High Protein Chocolate Pudding

A chocolate lover’s protein boost in a single bowl. Desserts .

Creamy high‑protein chocolate pudding, rich, satisfying, and healthy.

Published: February 25, 2026
Share:
Jump to Recipe Pin It
High Protein Chocolate Pudding | Evlin Ardelo's Blog - Life, Style & Adventures
Chocolate has traveled across continents, from ancient Mesoamerican drinks to modern sweet treats. Its deep, earthy notes have always paired well with nourishment, and today science blends the two by adding protein to create a dessert that sustains.

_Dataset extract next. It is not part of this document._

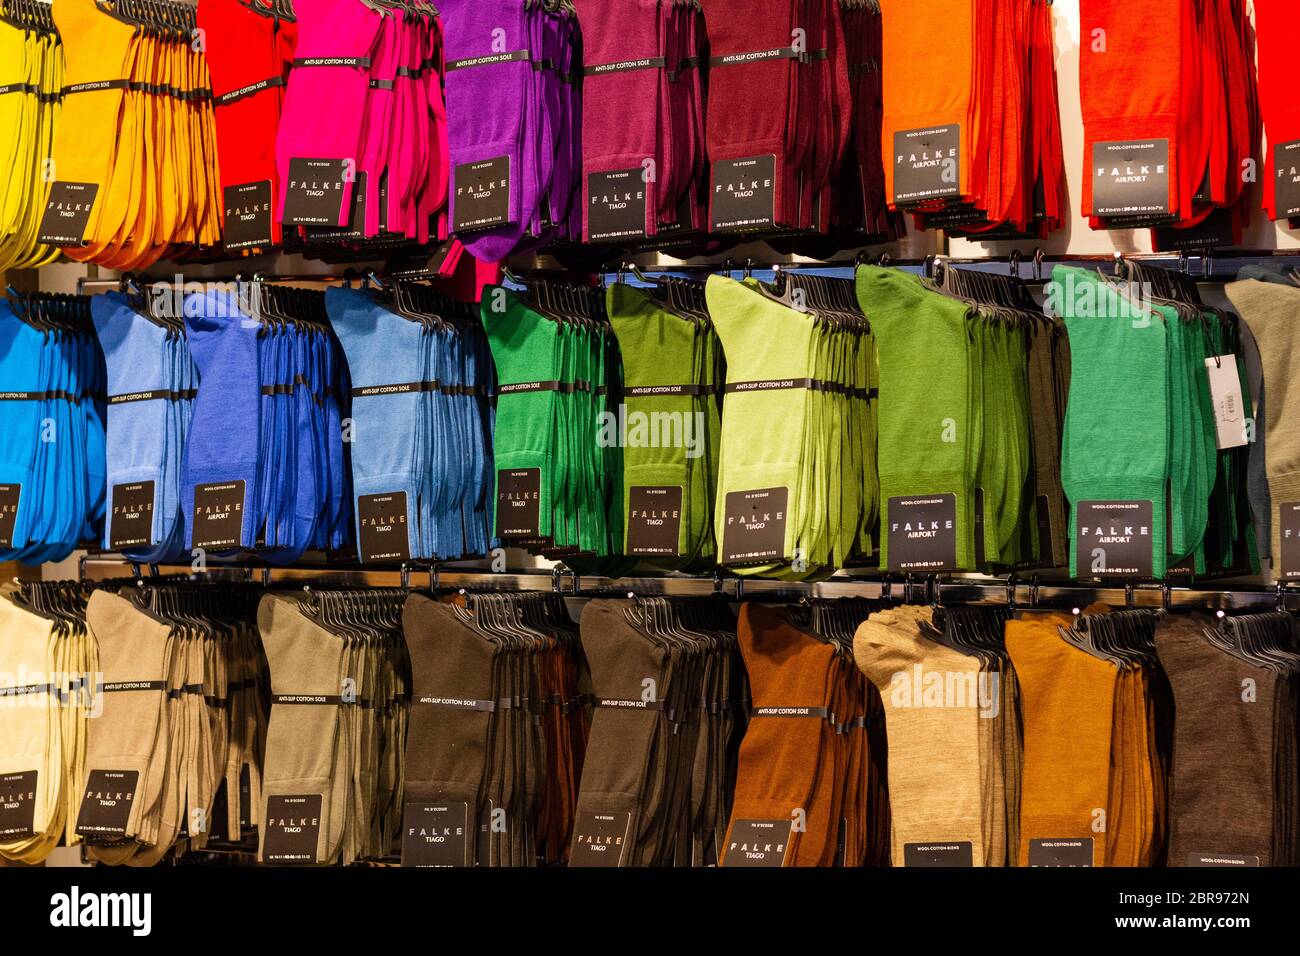 Schwechat, Österreich. 2020/02/06. Socken in verschiedenen Farben der Marke  Falke in einem Store am Flughafen Wien zu sehen Stockfotografie - Alamy

The concept behind high‑protein puddings emerged as athletes sought convenient recovery foods, turning a classic comfort into a functional snack.

Why You'll Love It

  • - Silky, chocolatey texture without heavy cream
  • - Boosts muscle recovery with whey protein
  • - Low in sugar, fits most diets
  • - Quick to assemble, no baking required

*"The texture is buttery yet light, and I feel full for hours."*

Essential Ingredient Guide

  • Whey protein powder: Choose a high‑quality chocolate‑flavored whey; it dissolves smoothly and adds the rich cocoa base.
  • Cocoa powder: Unsweetened, Dutch‑process cocoa gives depth; sift to avoid lumps.
  • Greek yogurt: Provides creaminess and a tang that balances chocolate; opt for plain for control.
  • Sweetener: Maple syrup or a pinch of stevia adds subtle sweetness without overpowering.
  • Vanilla extract: A few drops heighten aromatics and round out flavors.
  • Chia seeds (optional): Add for extra fiber; they thicken the pudding if left to sit.

Complete Cooking Process

  • Ingredient Readiness:

    Measure protein, sift cocoa, and have yogurt at room temperature to blend without clumps.

  • Flavor Development:

    Whisk cocoa and sweetener with a splash of milk, letting the heat release chocolate aroma.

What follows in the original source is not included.